In this undated photo released by Janine Gibson of The Guardian, Guardian journalist Glenn Greenwald, right, and his partner David Miranda, are shown together at an unknown location. Miranda, the partner of Greenwald, a journalist who received leaks from former National Security Agency contractor Edward Snowden, was detained for nearly nine hours Sunday, Aug. 18, 2013, under anti-terror legislation at Heathrow Airport, triggering claims that authorities are trying to interfere with reporting on the issue. (AP Photo/Janine Gibson, the Guardian) CREDIT MANDATORY

LONDON (AP) — A British lawmaker on Monday called for police to explain why the partner of a journalist who received classified information from former National Security Agency contractor Edward Snowden was detained for nearly nine hours at Heathrow Airport.

Keith Vaz, the chairman of the Home Affairs Select Committee, said that he wants to know why police stopped David Miranda, the partner of Guardian journalist Glenn Greenwald. Miranda was held for nearly the maximum time authorities are allowed to detain individuals under the Terrorism Act's Schedule 7, which authorizes security agencies to stop and question people at borders.

Miranda's cellphone, laptops and memory sticks were confiscated, Greenwald said.

"What needs to happen pretty rapidly is we need to establish the full facts," Vaz told the BBC. "Now you have a complaint from Mr. Greenwald and the Brazilian government — they indeed have said they are concerned at the use of terrorism legislation for something that does not appear to relate to terrorism — so it needs to be clarified, and clarified quickly."

Miranda, 28, was stopped Sunday while traveling home to Brazil after visiting Germany where he met with Laura Poitras, a U.S. filmmaker who has worked with Greenwald on the NSA story. The Guardian reported it paid for Miranda's flights, but did not immediately respond to a request for elaboration on what his role with the newspaper might be, if any.

Vaz said it was "extraordinary" that police knew that Miranda was Greenwald's partner, and the authorities were targeting partners of people involved in Snowden's disclosures.

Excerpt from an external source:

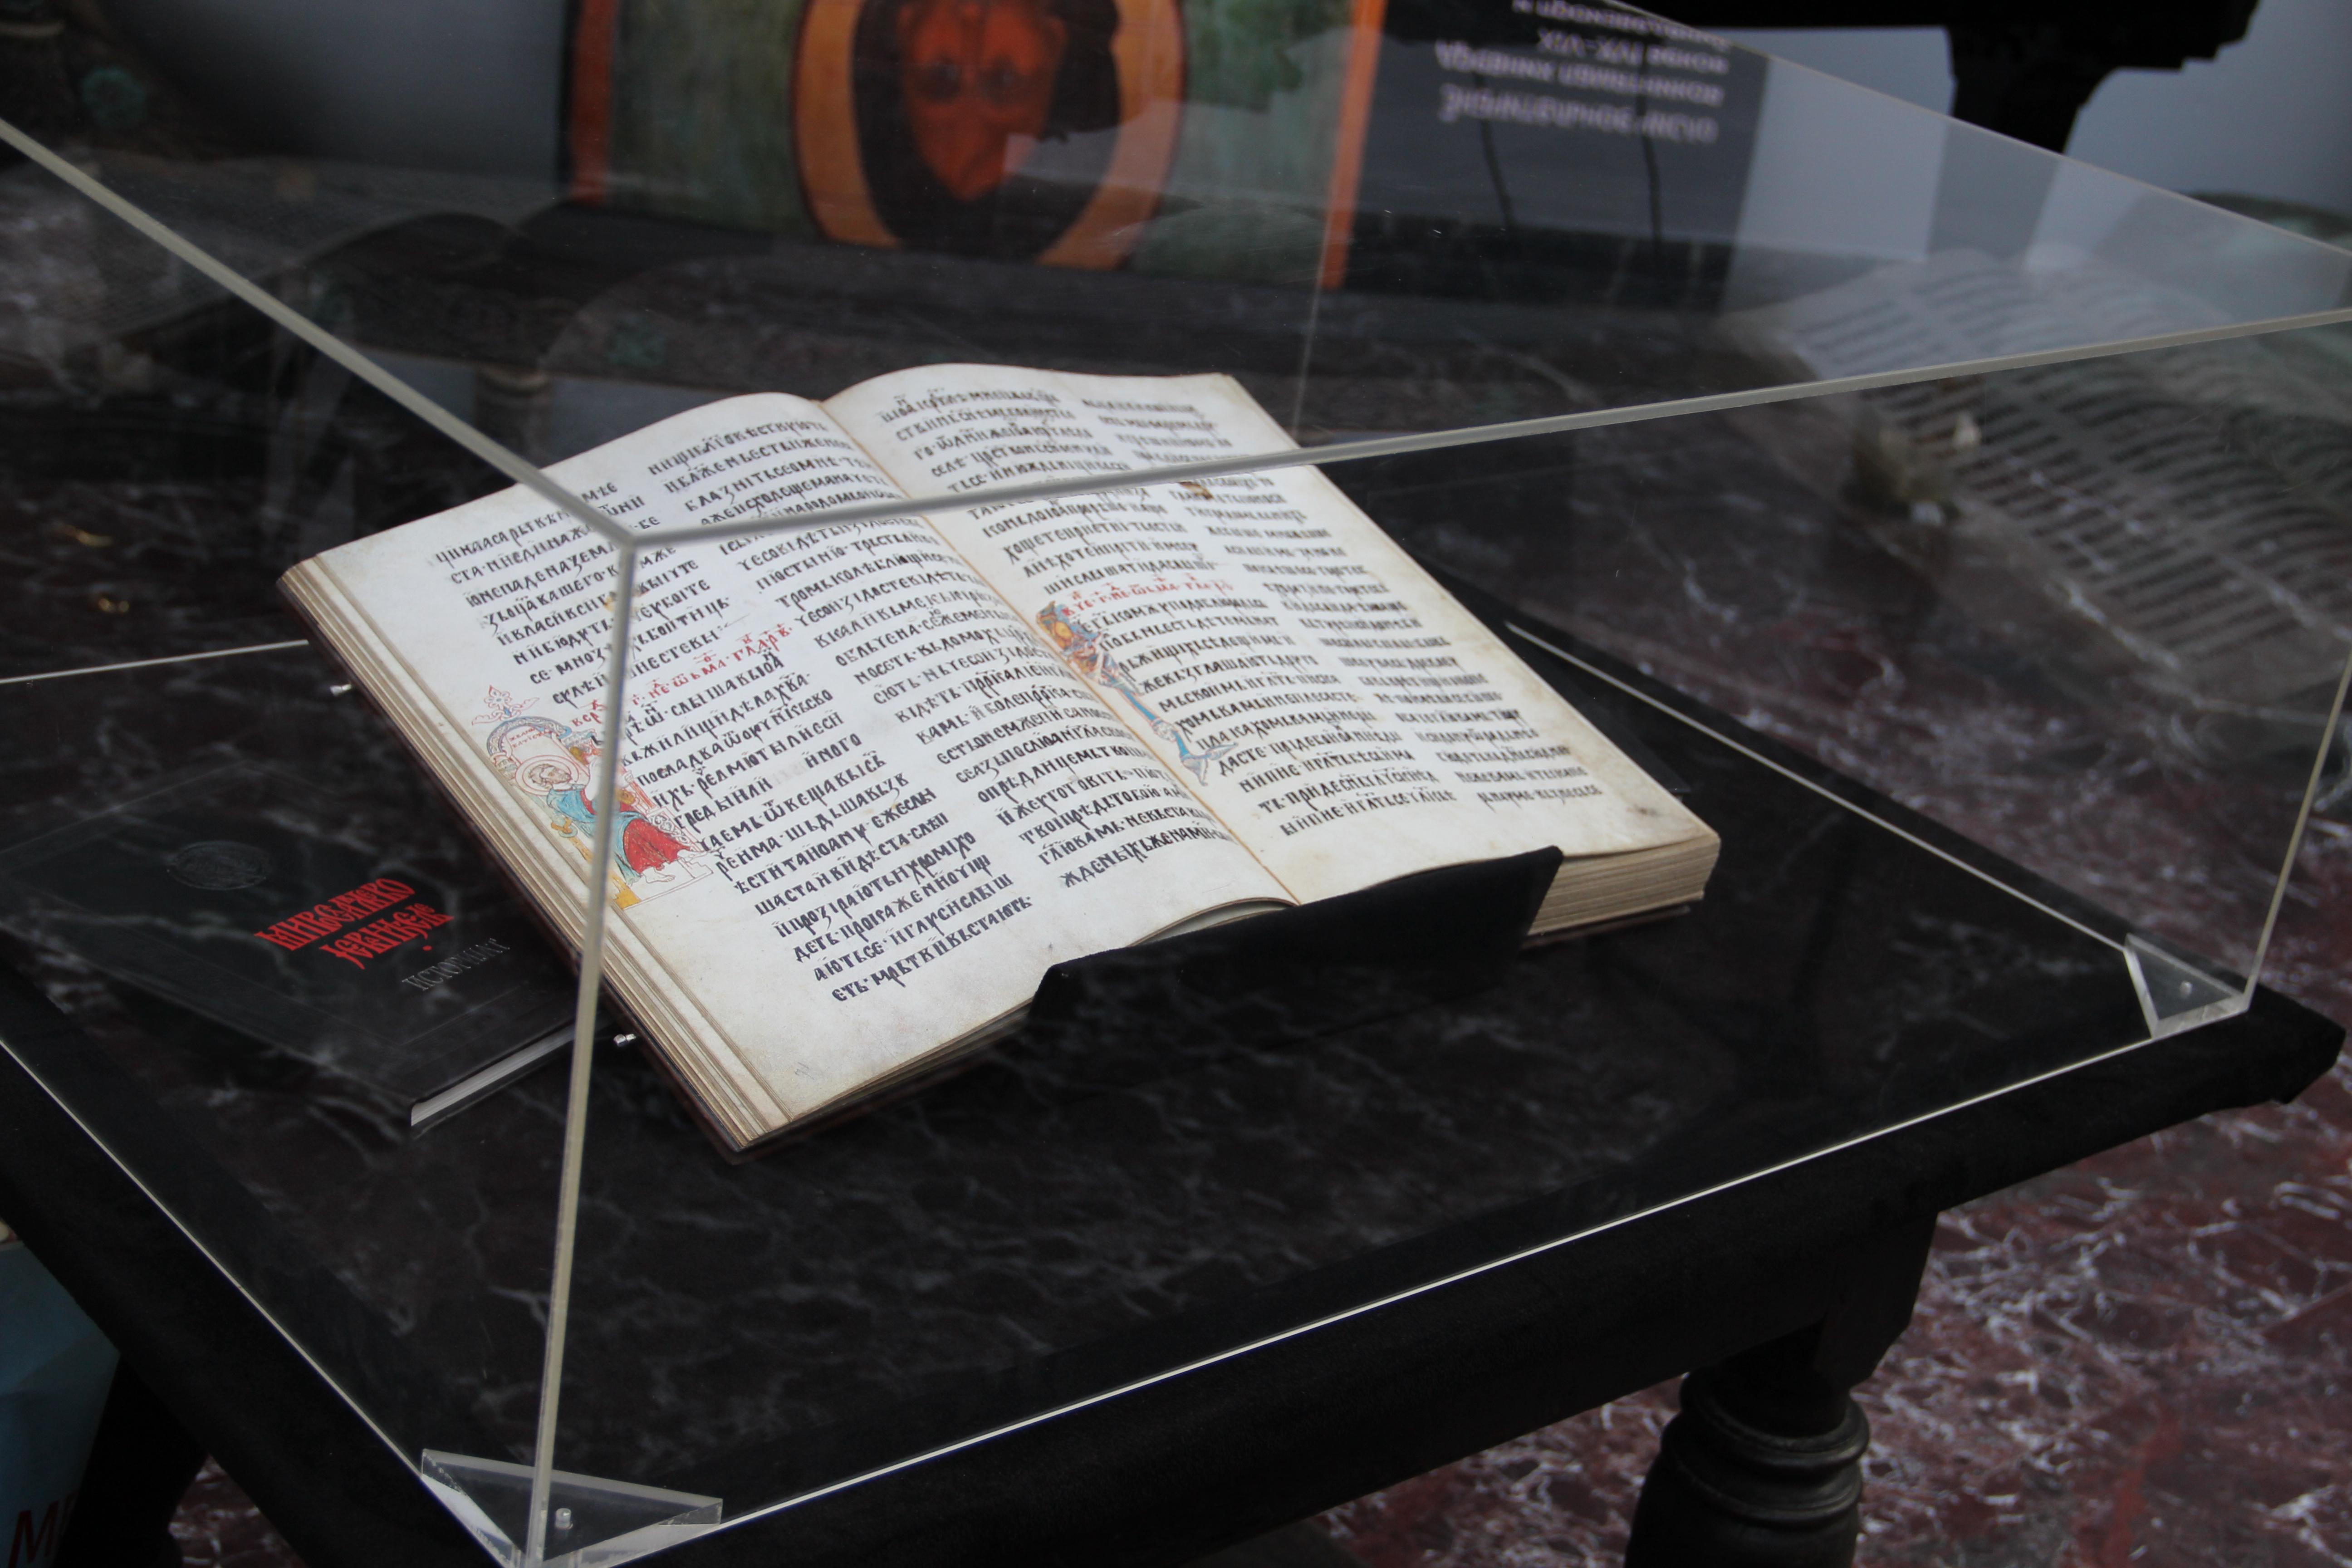 Najznačajniji čirilični spomenik: Predstavljeno faksimilno izdanje Miroslavljevog jevanđelja

"Bearing in mind it is a new use of terrorism legislation to detain someone in these circumstances ... I'm certainly interested in knowing, so I will write to the police to ask for the justification of the use of terrorism legislation — they may have a perfectly reasonable explanation," Vaz said.

Greenwald has written about NSA surveillance programs based on files disclosed by Snowden, who now has temporary asylum in Russia.

Labour Party lawmaker Tom Watson questioned whether Home Office ministers had been told and described the detention as an "an embarrassment to the government."

"What I think we are going to see is this is sort of the intelligence services overstepping the mark— they are clearly trying to intimidate Glenn Greenwald — and that's an attack on journalism," Watson told the BBC.

London police acknowledged that they had detained a 28-year-old man at 8:05 a.m. He was released at 5 p.m. without being arrested, the Metropolitan Police Service said.

The Home Office defended Schedule 7 in a report last year, arguing it was designed to help authorities determine whether people crossing U.K. borders have been involved in the "commission, preparation or instigation of acts of terrorism." Border agents are not required to have reasonable suspicion before detaining a traveler.

Under Schedule 7, examining officers may require travelers to answer questions or provide documents. Detainees may be held for up to nine hours if they refuse to cooperate, the Home Office has said.

In most cases, those questioned under Schedule 7 are detained for less than an hour. Less than a tenth of 1 percent are held for more than six hours. Some 230,236 people were questioned under Schedule 7 from April 2009 through March 2012.